The first little pig put as little money as possible into his property portfolio and borrowed the rest.

His portfolio quickly grew until he had lots of houses which he rented out to other animals.

The second little pig did not have the same appetite for risk but had a similar investment approach, albeit with higher equity in each house. His property portfolio did not grow as quickly but he wouldn’t lose everything if house prices went down.

Flipping houses

The third little pig went down a different road because he didn’t trust the banks.

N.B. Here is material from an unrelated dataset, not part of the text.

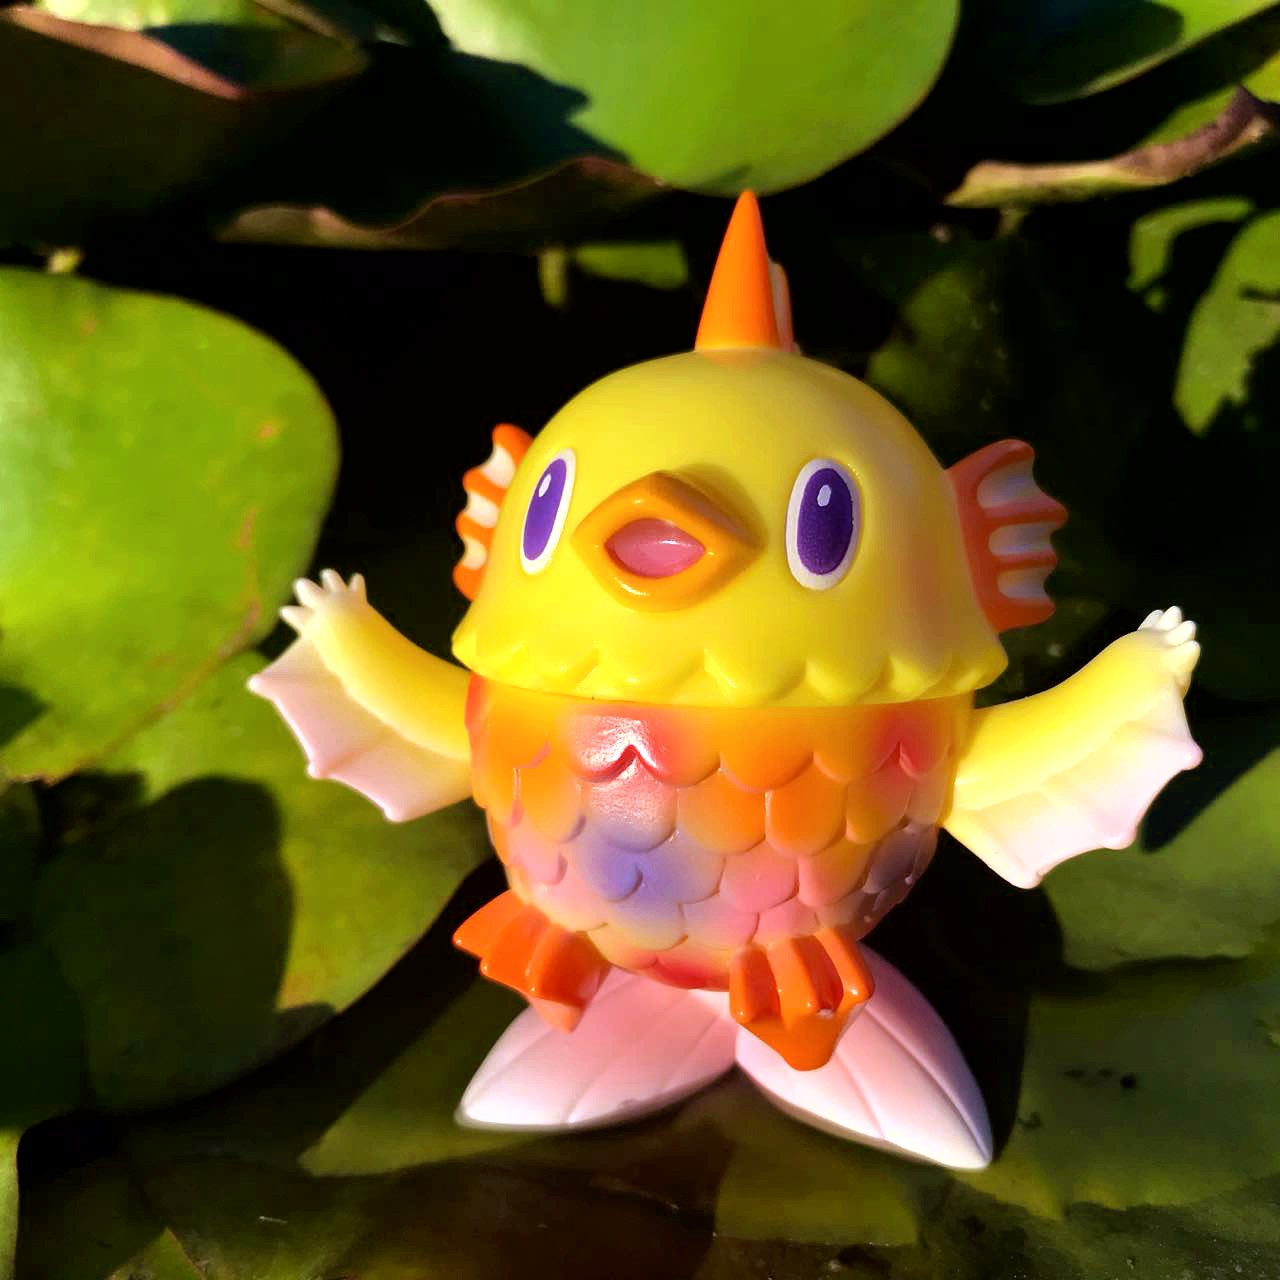 Sakanatori Hikari Bambi Art Toys SofubiSakanatori Hikari Bambi Art Toys Sofubi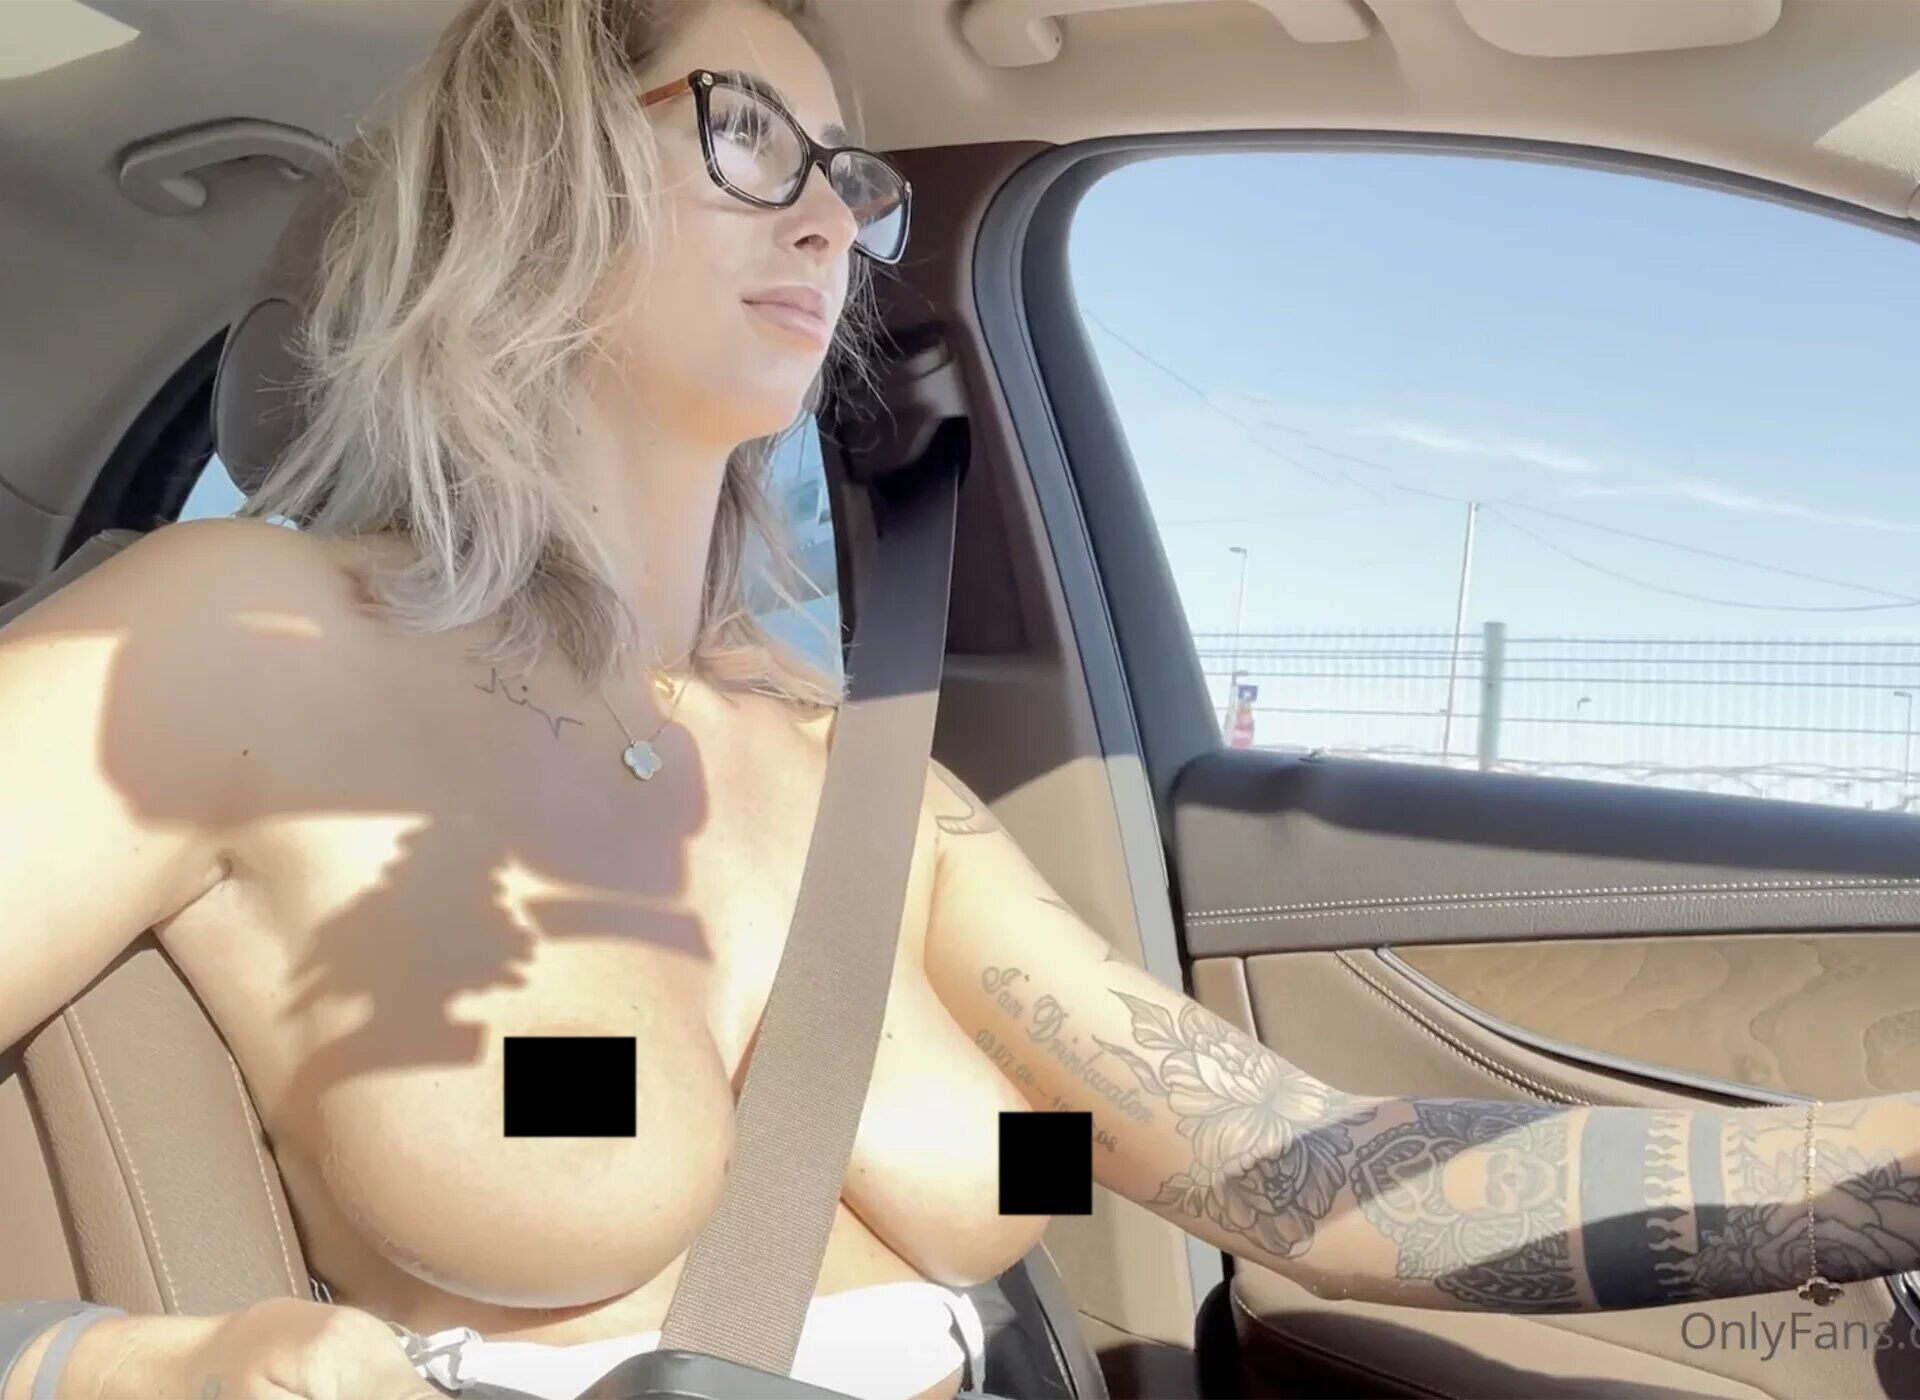 Николь Дринквотер голая за рулем

The other little pigs laughed as he laboured away renovating and flipping houses until he owned several rental properties which were unencumbered by loans.

He would have had many more except the Resource Management Act made it impossible to do anything quickly or cheaply.

This inability to build houses easily was the main reason the little pigs were getting so wealthy.

You see, the big bad wolf had been taking taxes off all the animals for many years but had not been putting any of that money into making sure there were enough places to build houses.

The population was growing, so lots of different animals now had nowhere to live. Supply and demand forces resulted in price increases.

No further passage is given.